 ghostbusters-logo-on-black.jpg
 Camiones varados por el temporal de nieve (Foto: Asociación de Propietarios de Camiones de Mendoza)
=-=-=
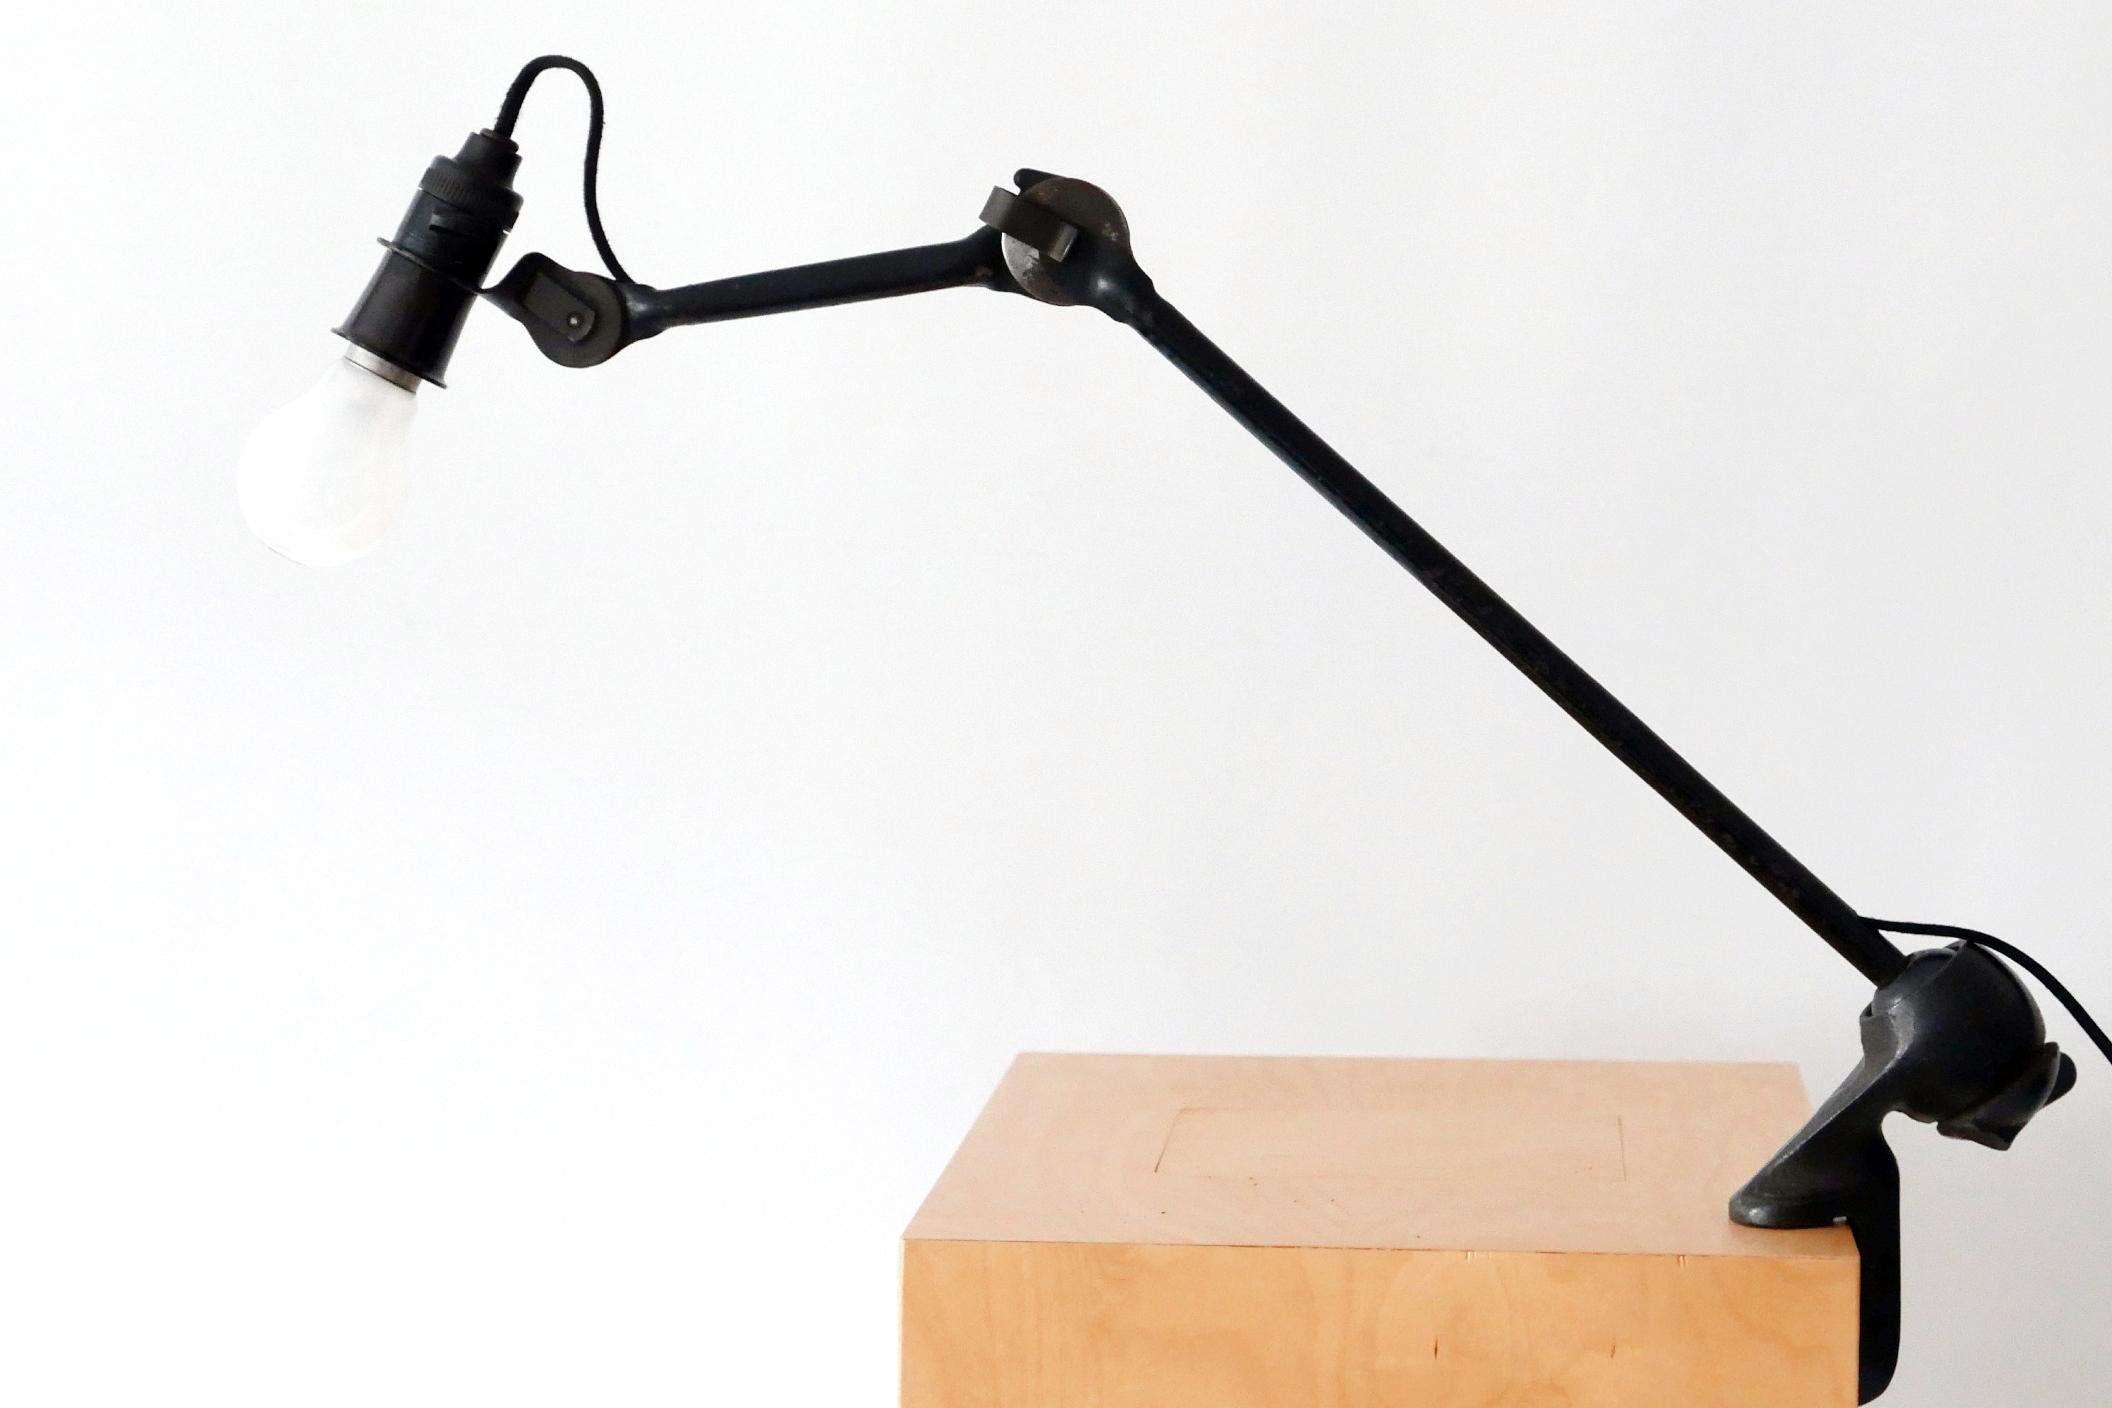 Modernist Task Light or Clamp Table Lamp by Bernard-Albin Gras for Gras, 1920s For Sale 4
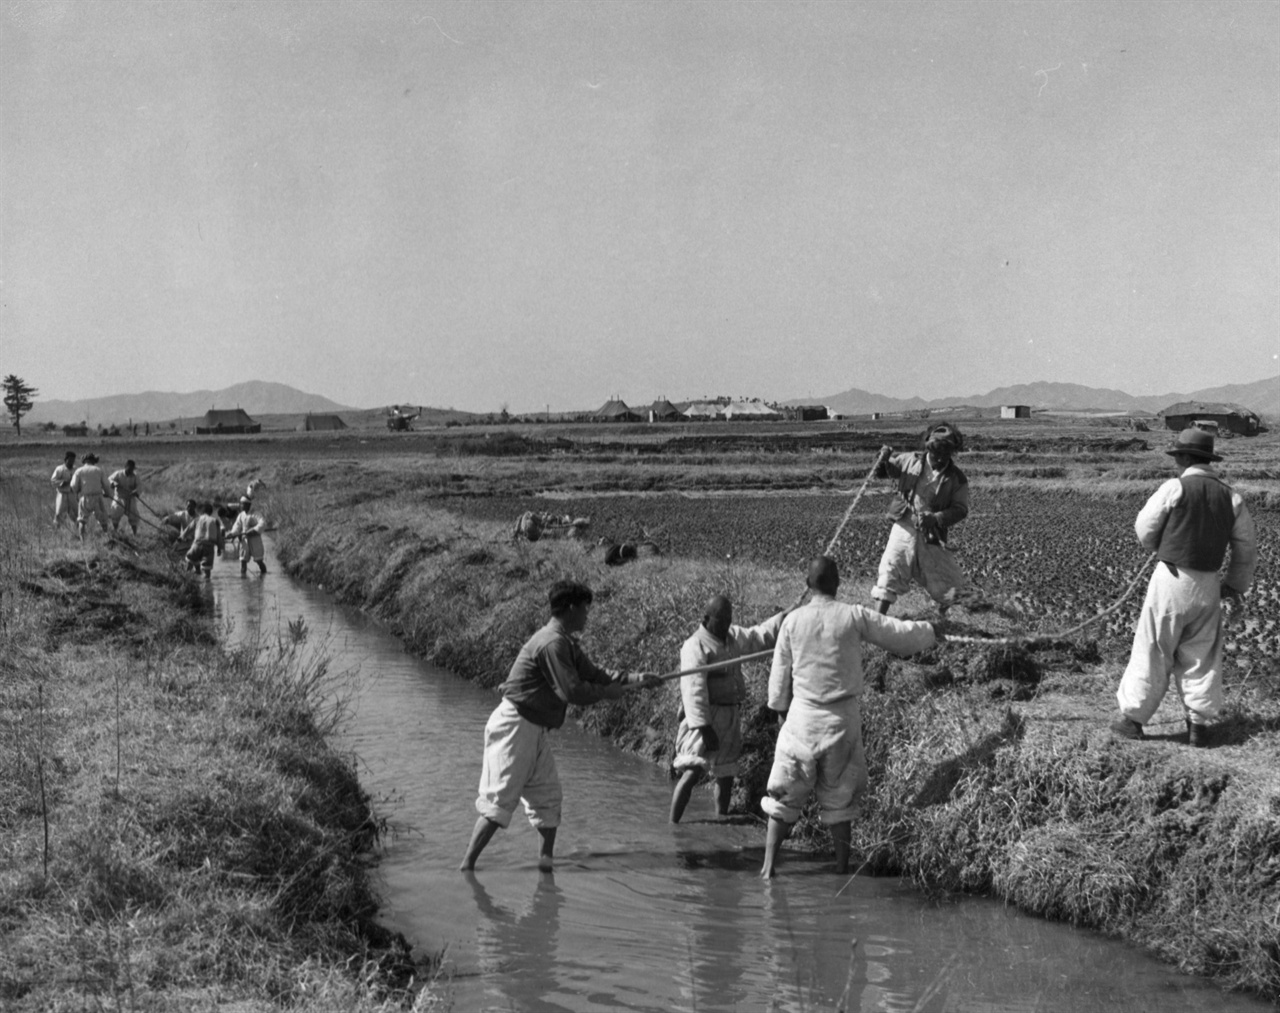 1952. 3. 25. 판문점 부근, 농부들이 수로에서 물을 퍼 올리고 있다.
=-=-=
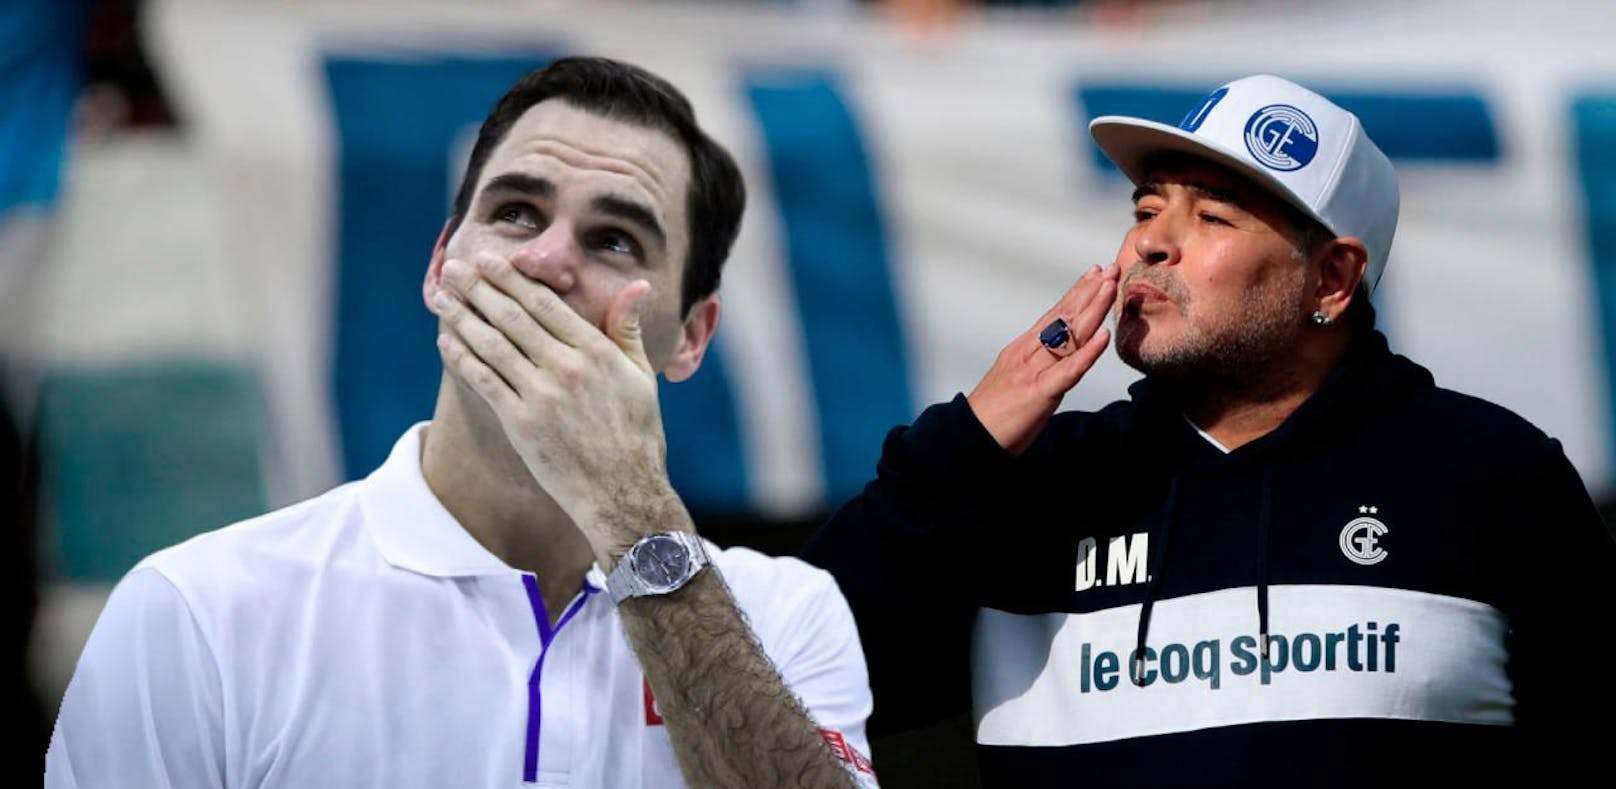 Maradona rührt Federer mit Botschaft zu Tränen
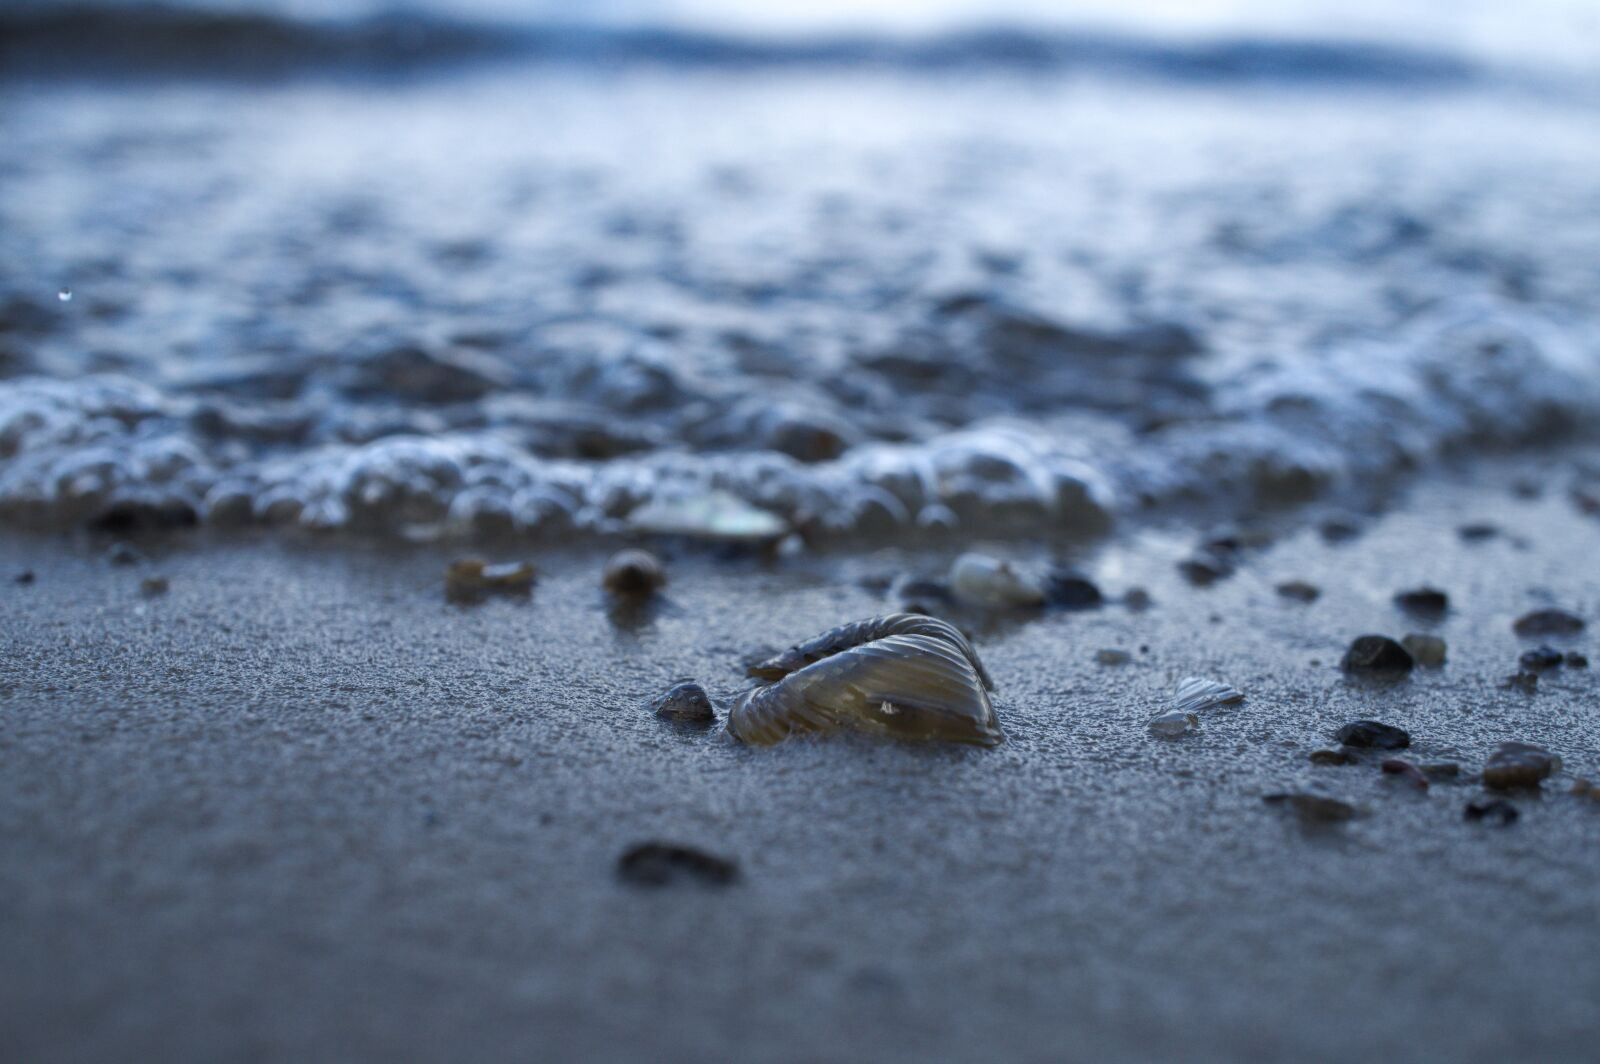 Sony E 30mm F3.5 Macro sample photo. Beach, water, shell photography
=-=-=
_GOAL OF THE EXERCISE_
An exact transcription is needed of the lines from the one with "Maradona rührt Federer" to the one with "Sony E 30mm" above, both ends included, with pictures left out.

_TASK ANSWER_
 Maradona rührt Federer mit Botschaft zu Tränen
 Sony E 30mm F3.5 Macro sample photo. Beach, water, shell photography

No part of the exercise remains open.